Because I felt my heroine would stand out more in red, I tried the colour out on a layer over her blue suit. I also added some blocky shadow to aid the form on this layer. You can shade more subtly later, painting on layers set to Multiply blending mode over the top. (The dog idea was abandoned at this point and the layer deleted.) Hitting the H key flipped the image horizontally and allowed me to check to see how off kilter the drawing was. It’s a good habit to get into.
I roughed out some cemetery headstone shapes in the background, and introduced more victims to her pile. Each was on a separate layer as I played with their character and placement. The more character I could give them, the more believable they would be, and the more points of interest there would be to keep the viewer interested. I planned to give them a group of their own, like the girl’s, later (Fig.07 and Fig.08).

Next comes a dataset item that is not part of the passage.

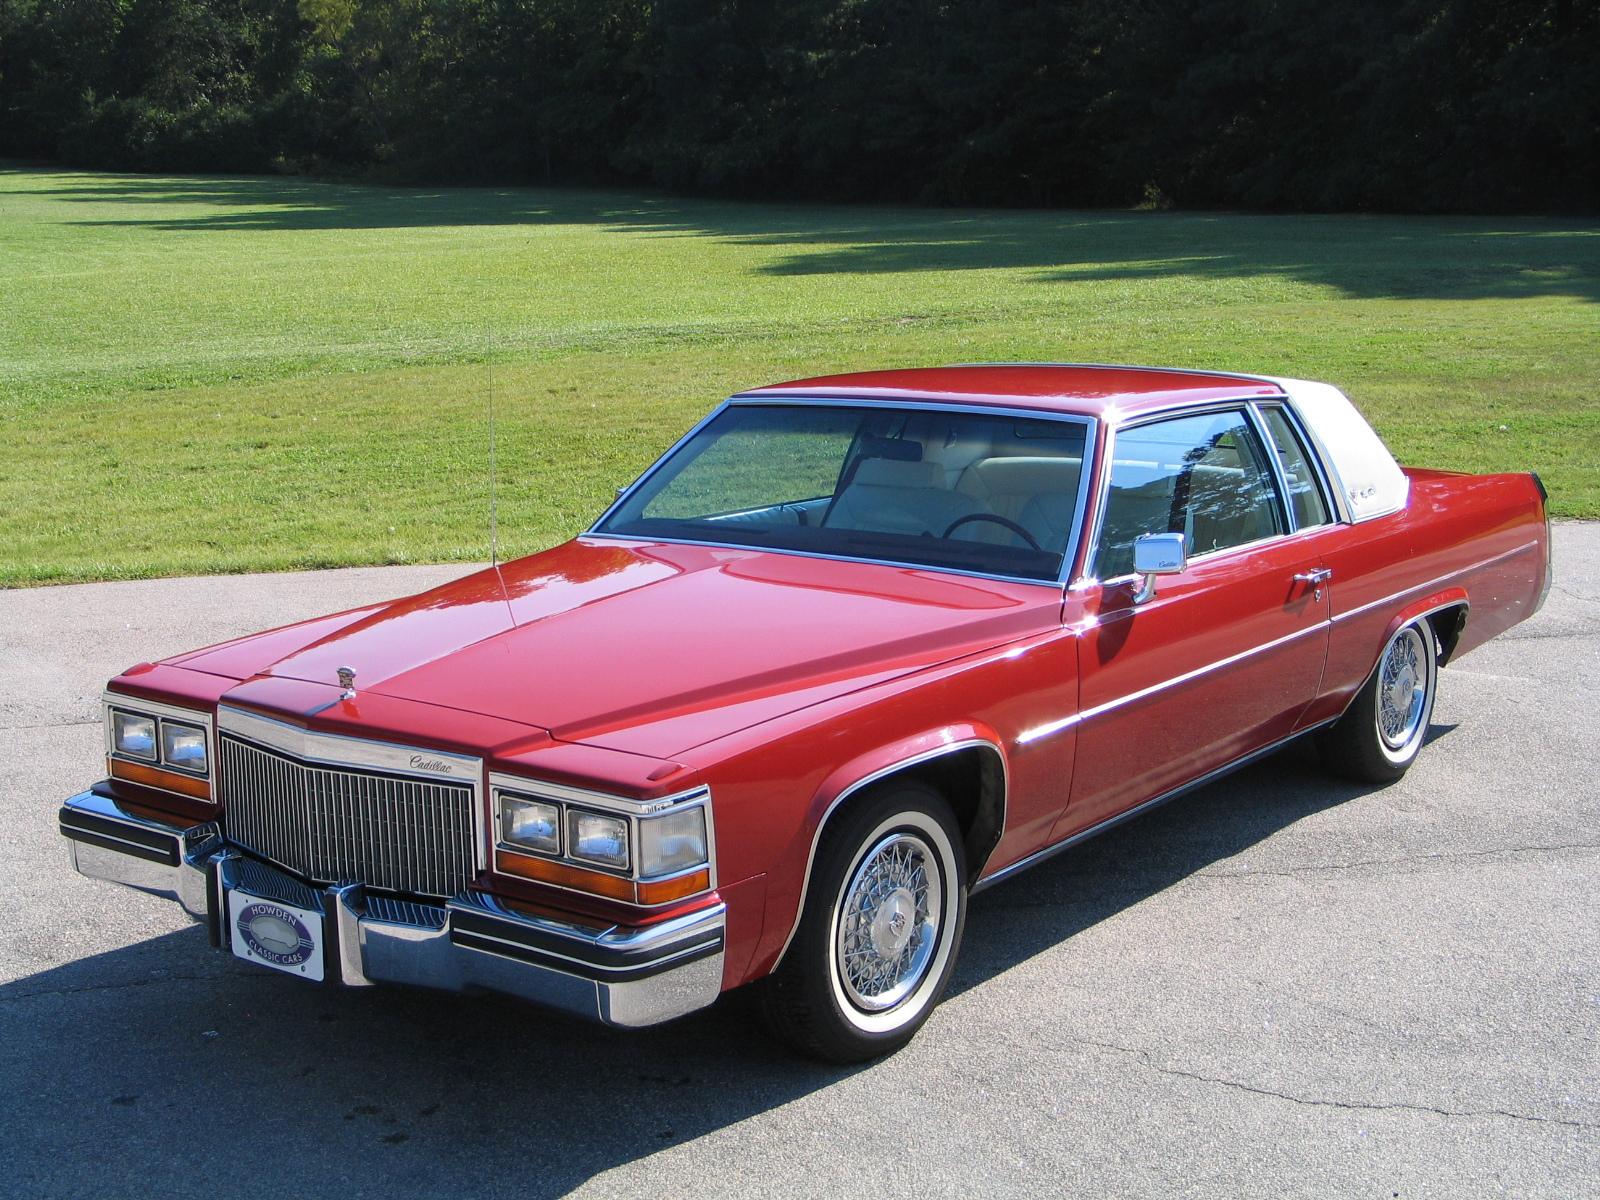 File:1980 Cadillac Coupe Deville fvl2.jpg - Wikimedia Commons

Notice how I separated her hair on its own layer, so that I could work freely on it without worrying about having to keep retouching her face? I had to be careful that the two would work together without it resembling a crash helmet. I merged them as soon as you could and softened the edges in places to make it more natural. This kind of separation of parts is useful but can lead to way too many layers, even for me! Remember the need to keep control – apart from anything else, everything will slow down as the file size soars if you don’t.
Something I particularly like in Artrage is the ability to make stencils out of images. Using texture images I have on disk already, I opened the stencil palette and navigated to a folder I’d already made called ‘Textures’ (you can put your new stencils in whatever stencil folder you prefer). Click on the ‘Add New Stencil’ button and you can browse your system to an image file of your choosing. Open the image and the stencil is created. They appear as red rectangles (see image). Right-clicking on a PC gives you the option of inverting the stencil (Mac users have to navigate through the tools/stencil). There are really handy stencil transform options using the space bar (move), Alt/Option (scale) and Ctrl/Command (rotate) keys (PC). You can also leave them hidden in place, making them temporarily inactive (Fig.09 and Fig.10) .
I upped the dpi to 200dpi by the way (image size is 32.5x40cm) – so keeping layers under control becomes more important for file size issues.
To help unify the lighting, I created a flat blue layer on top using the roller. Changing blending mode to Multiply (right-click and navigate to change from default), I reduced the opacity. By painting on it with white or rubbing away with the eraser, you can introduce ‘light’ back into the gloom. I used a single light source overhead to illuminate the scene and pick out details accordingly. I consolidated the forms of her victims somewhat in ‘body colour’ (sorry about the pun), and airbrushed some darker shadows on another ‘Multiply’ layer. This is something else I do a lot. Although again, I repeat: merge these layers when you can to keep the thing moving along and control the file size a bit (Fig.11 and Fig.12)!